После прослушивания меня приняли. Чтобы попасть в послевоенное здание Чатемской школы, нужно было подняться по лестнице из пяти каменных ступенек, открыть двустворчатую дверь и войти в маленький вестибюль с кабинетом по левую сторону, который занимала та самая высокая дама с желтым блокнотом. За кабинетом Кэролайн Фишер находилась просторная комната, которая во времена Эдит Уортон была, скорее всего, светским салоном, а теперь стала концертной залой. На следующих двух этажах располагались кабинеты преподавателей с роялем в каждом, а последние два этажа были разделены на крохотные комнатушки, где ученики упражнялись на пианино, — возможно, когда-то это были комнаты слуг.

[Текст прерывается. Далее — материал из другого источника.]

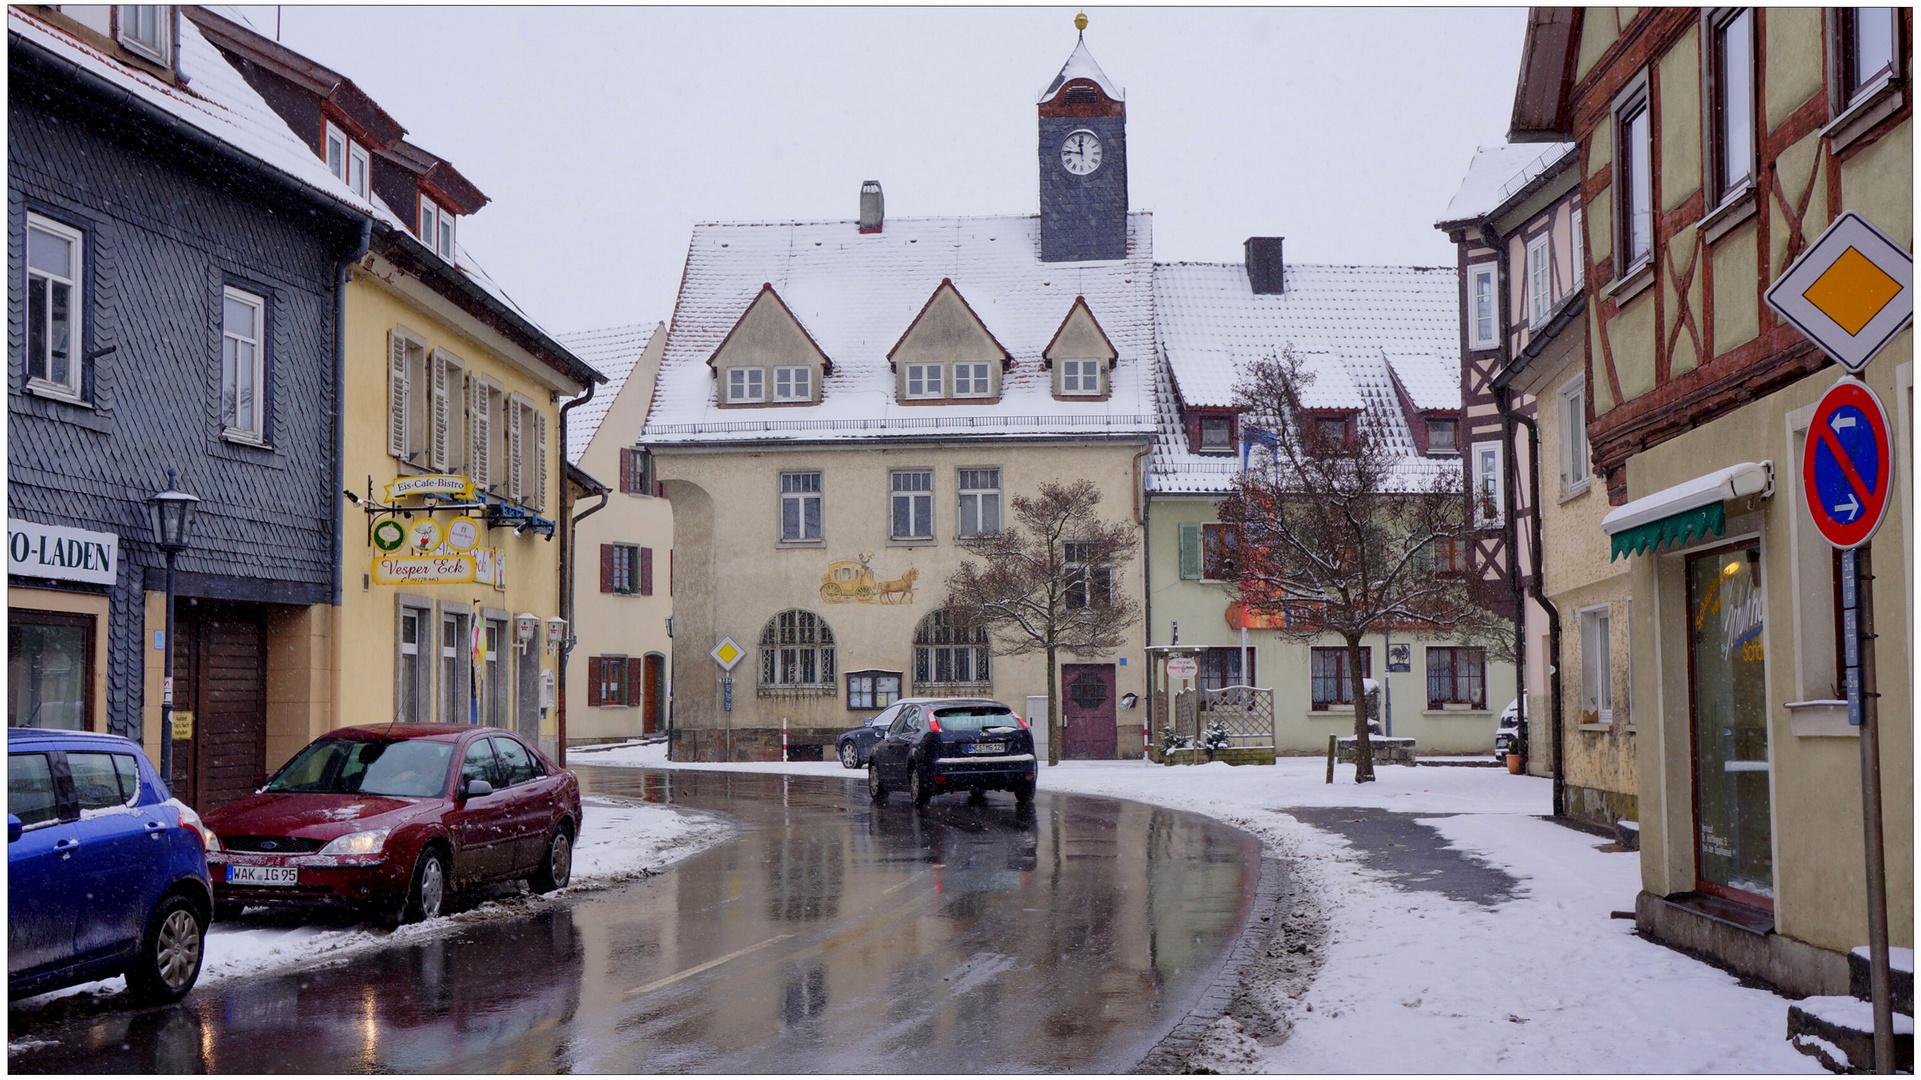 Wintereinbruch III (brusco del invierno III)

Вера Маурина-Пресс — мадам Пресс — практически не поддавалась описанию. Она была не просто легендарным педагогом, о чем я узнал впоследствии (во времена Эвелин ее еще там не было), но и урожденной россиянкой, ученицей самого Ферруччо Бузони. Пресс училась у него в Санкт-Петербурге, а потом, когда он эмигрировал, последовала за ним в Берлин. Американский композитор Мортон Фельдман, родившийся на несколько лет позже Эвелин и, как и я, выросший в Бруклине, стал учеником Пресс примерно в одно время со мной, а когда в 1970 году она умерла в возрасте девяноста лет, он написал в память о ней панегирический ансамбль для духовых инструментов под названием «Мадам Пресс умерла на прошлой неделе в возрасте девяноста лет», — этим произведением любит дирижировать видный оперный композитор Америки Джон Адамс. По словам Фельдмана, мадам Пресс привила ему «глубокое чувство музыки, а не просто музыкальное мастерство». Фельдману было четырнадцать, когда его отец, еврейский эмигрант из Киева, который в отличие от Чезара с его дорогими шубами шил детские пальто, взял мальчика с собой на дебютное выступление Эвелин в Таун-холле, имевшее место, как мы увидим, в 1939 году.

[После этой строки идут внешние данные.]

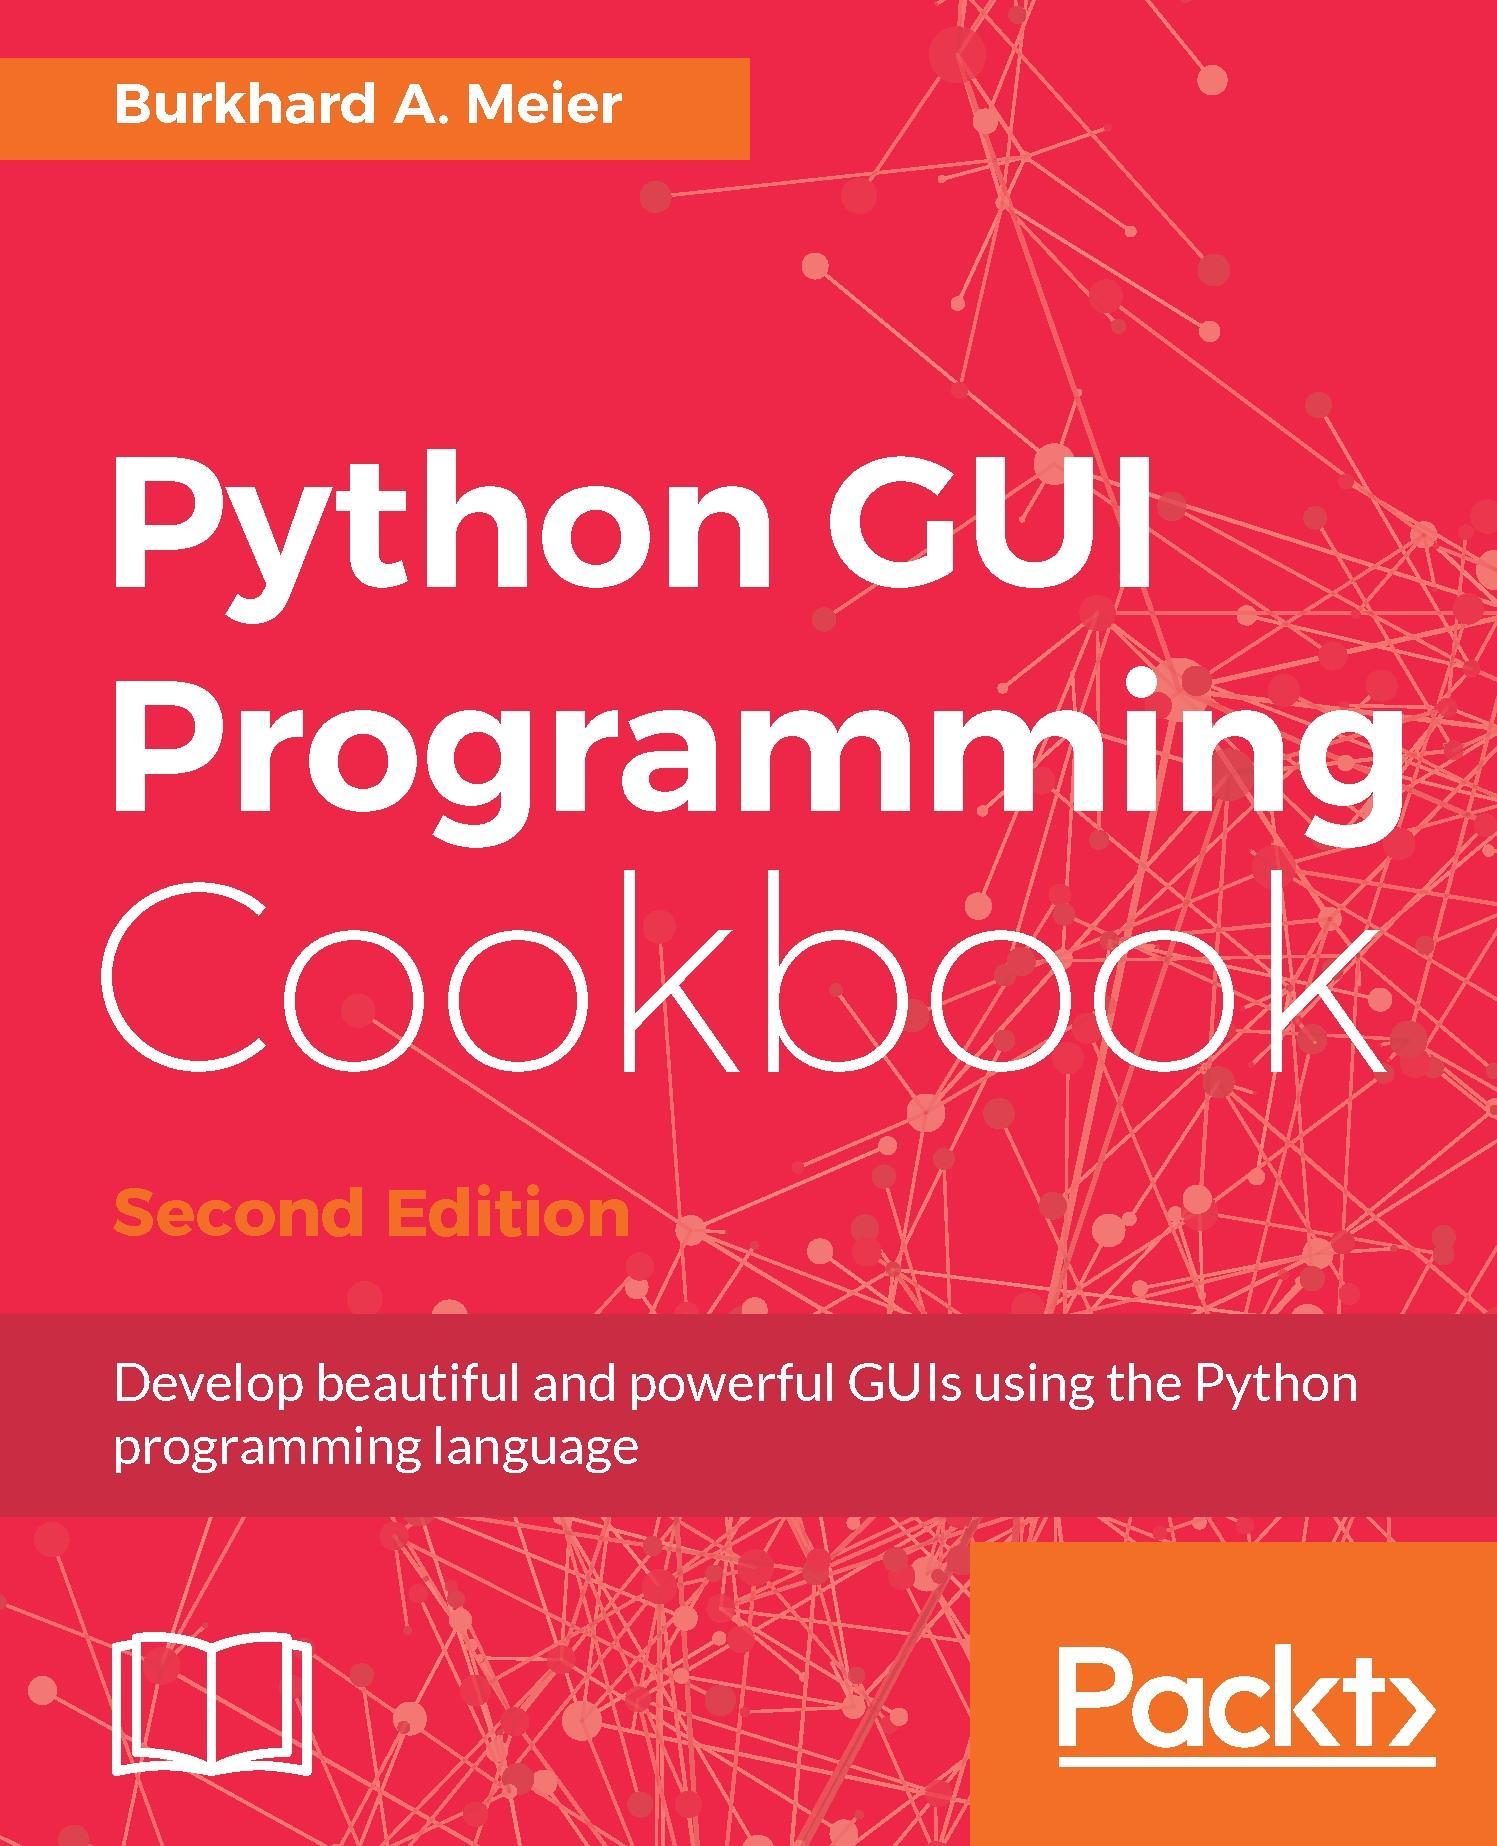 Python GUI Programming Cookbook - Second Edition

Переместимся в 1949 год, за полгода до катастрофы с виолончелью: моя мать, наслушавшись моих еженедельных рассказов о занятиях с мадам Пресс, дала ей прозвище Древнее Вместилище Ужаса. Пресс с ее ломкими белыми волосами в кудряшках, длинным, словно приклеенным, орлиным носом, длинными высохшими пальцами, которые будто предвещали смерть, и скрежещущим замогильным голосом казалась мне столетней старухой. Она была полной противоположностью миссис Оноре — никогда не улыбалась и не хвалила меня. На втором занятии она сказала, что я неправильно держу руки и протянула собственную правую, чтобы показать, как надо. Ее рука в больших голубых венах была ледяной, словно рука мертвеца, хватающая мою пухлую детскую ладошку. Затем Пресс отстранилась, когда будто собиралась шлепнуть меня, но раздумала. Она положила мне по монетке на каждый палец, чтобы запястье во время игры не двигалось, и проскрежетала, что я не научусь хорошо играть, если монетки не останутся на месте. А если они упадут, пригрозила в качестве следующего испытания обмотать мне пальцы бинтами.